You are right, but until we fix all pre-existing apps to do things like gracefully recovering from the absence of their critical resources (like DB) on start (which is a Great Thing™ but unfortunately seldom supported by frameworks), we should use fig start to start individual container in a certain order, with delays, instead of fig up.

I can see a shell script coming to control fig to control docker :wink:

anentropic commented 9 years ago

I am ok with this not being built in to fig but some advice on best practice for waiting on readiness would be good

I saw in some code linked from an earlier comment this was done:

while ! exec 6<>/dev/tcp/${MONGO_1_PORT_27017_TCP_ADDR}/${MONGO_1_PORT_27017_TCP_PORT}; do
    echo "$(date) - still trying to connect to mongo at ${TESTING_MONGO_URL}"
    sleep 1
done

In my case there is no /dev/tcp path though, maybe it's a different linux distro(?) - I'm on Ubuntu

I found instead this method which seems to work ok:

until nc -z postgres 5432; do
    echo "$(date) - waiting for postgres..."
    sleep 1
done

This seems to work but I don't know enough about such things to know if it's robust... does anyone know if there's there a possible race condition between port showing up to nc and postgres server really able to accept commands?

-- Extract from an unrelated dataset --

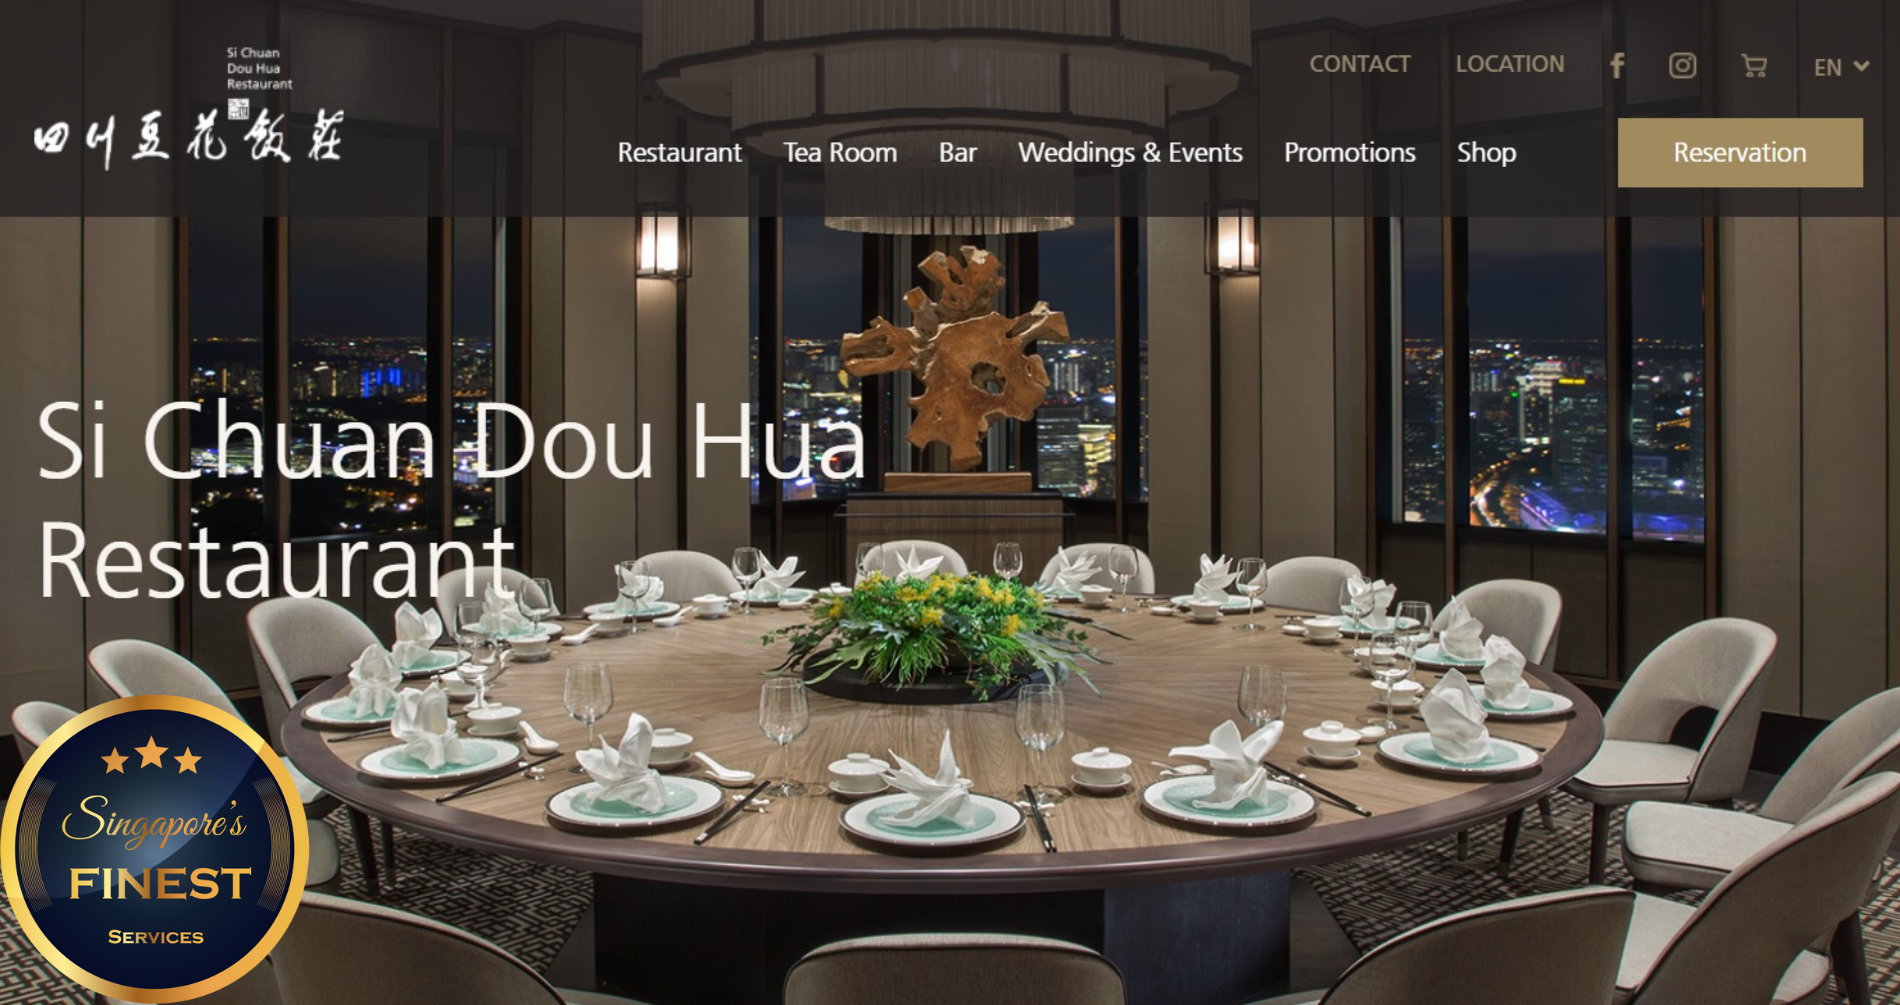 Si Chuan Dou Hua - Chinese Restaurant Singapore

I'd be happier if it was possible to invert the check - instead of polling from the dependent containers, is it possible instead to send a signal from the target (ie postgres server) container to all the dependents?

Maybe it's a silly idea, anyone have any thoughts?

aanand commented 9 years ago

@anentropic Docker links are one-way, so polling from the downstream container is currently the only way to do it.

does anyone know if there's there a possible race condition between port showing up to nc and postgres server really able to accept commands?

There's no way to know in the general case - it might be true for postgres, it might be false for other services - which is another argument for not doing it in Fig.

mindnuts commented 9 years ago

@aanand I tried using your docker/wait image approach but i am not sure what is happening. So basically i have this "Orientdb" container which lot of other NodeJS app containers link to. This orientdb container takes some amount of time to start listening on the TCP port and this makes the other containers to get "Connection Refused" error.

I hoped that by linking wait container to Orientdb i will not see this error. But unfortunately i am still getting it randomly. Here is my setup (Docker version 1.4.1, fig 1.0.1 on an Ubuntu 14.04 Box):

orientdb:
    build: ./Docker/orientdb
    ports:
        -   "2424:2424"
        -   "2480:2480"
wait:
    build: ./Docker/wait
    links:
        - orientdb:orientdb
....
core:
    build:  ./Docker/core
    ports:
        -   "3000:3000"
    links:
        -   orientdb:orientdb
        -   nsqd:nsqd

Any help is appreciated. Thanks.

aanand commented 9 years ago

@mindnuts the wait image is more of a demonstration; it's not suitable for use in a fig.yml. You should use the same technique (repeated polling) in your core container to wait for the orientdb container to start before kicking off the main process.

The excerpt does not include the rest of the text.